Mônica lembra ainda que as relações étnico-raciais não dizem respeito exclusivamente ao racismo contra as pessoas de pele negra. Elas falam principalmente de relacionamentos entre pessoas, afinal, somos todos humanos. Por isso, também incluem indígenas e até orientais (que sofrem uma discriminação positiva, mas que gera sofrimento). “A linha de pesquisa do meu orientador tem um direcionamento com base na ideia de que a opressão não é boa para ninguém. O homem que exerce violência também está em sofrimento. A pessoa que exerce dominação, que subjuga o outro, também precisa ser tratada. É para isso que a psicologia existe.”

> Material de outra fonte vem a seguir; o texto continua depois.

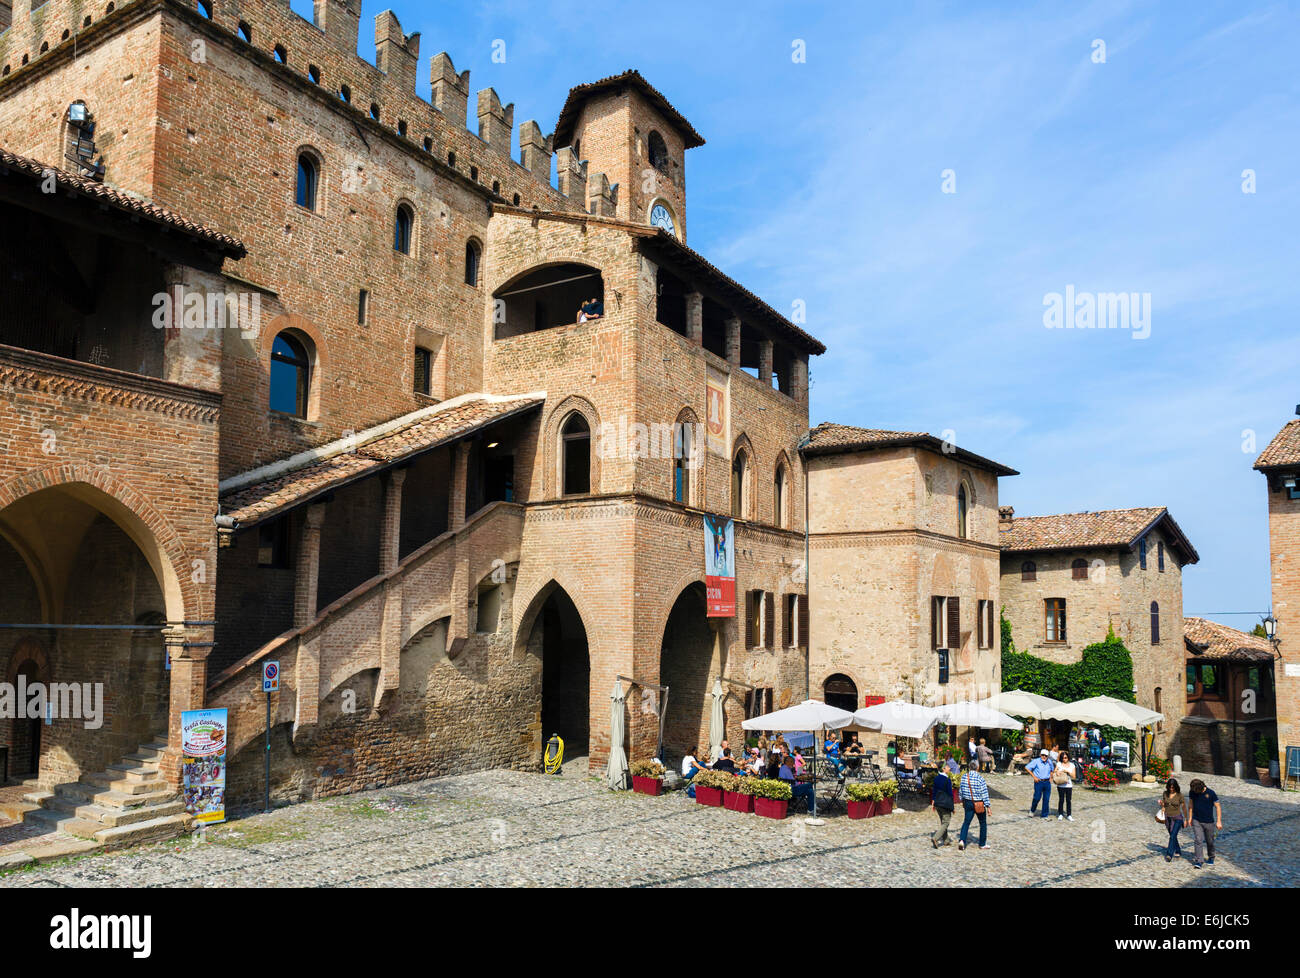 The Palazzo del Podesta in the main square of the medieval town of Castell'Arquato, Piacenza, Emilia Romagna, Italy Stock Photo

Para ela, a psicologia tem um papel importante nas relações étnico-raciais, que inclui não apenas o combate ao racismo: é o de fazer o letramento étnico-racial das pessoas brancas para que elas saibam a necessidade do debate sobre cotas, sobre discriminação e até para falar sobre o privilégio que elas têm pelo simples fato de serem brancas – a pessoa nunca vai passar por determinadas situações… exatamente por ser branca.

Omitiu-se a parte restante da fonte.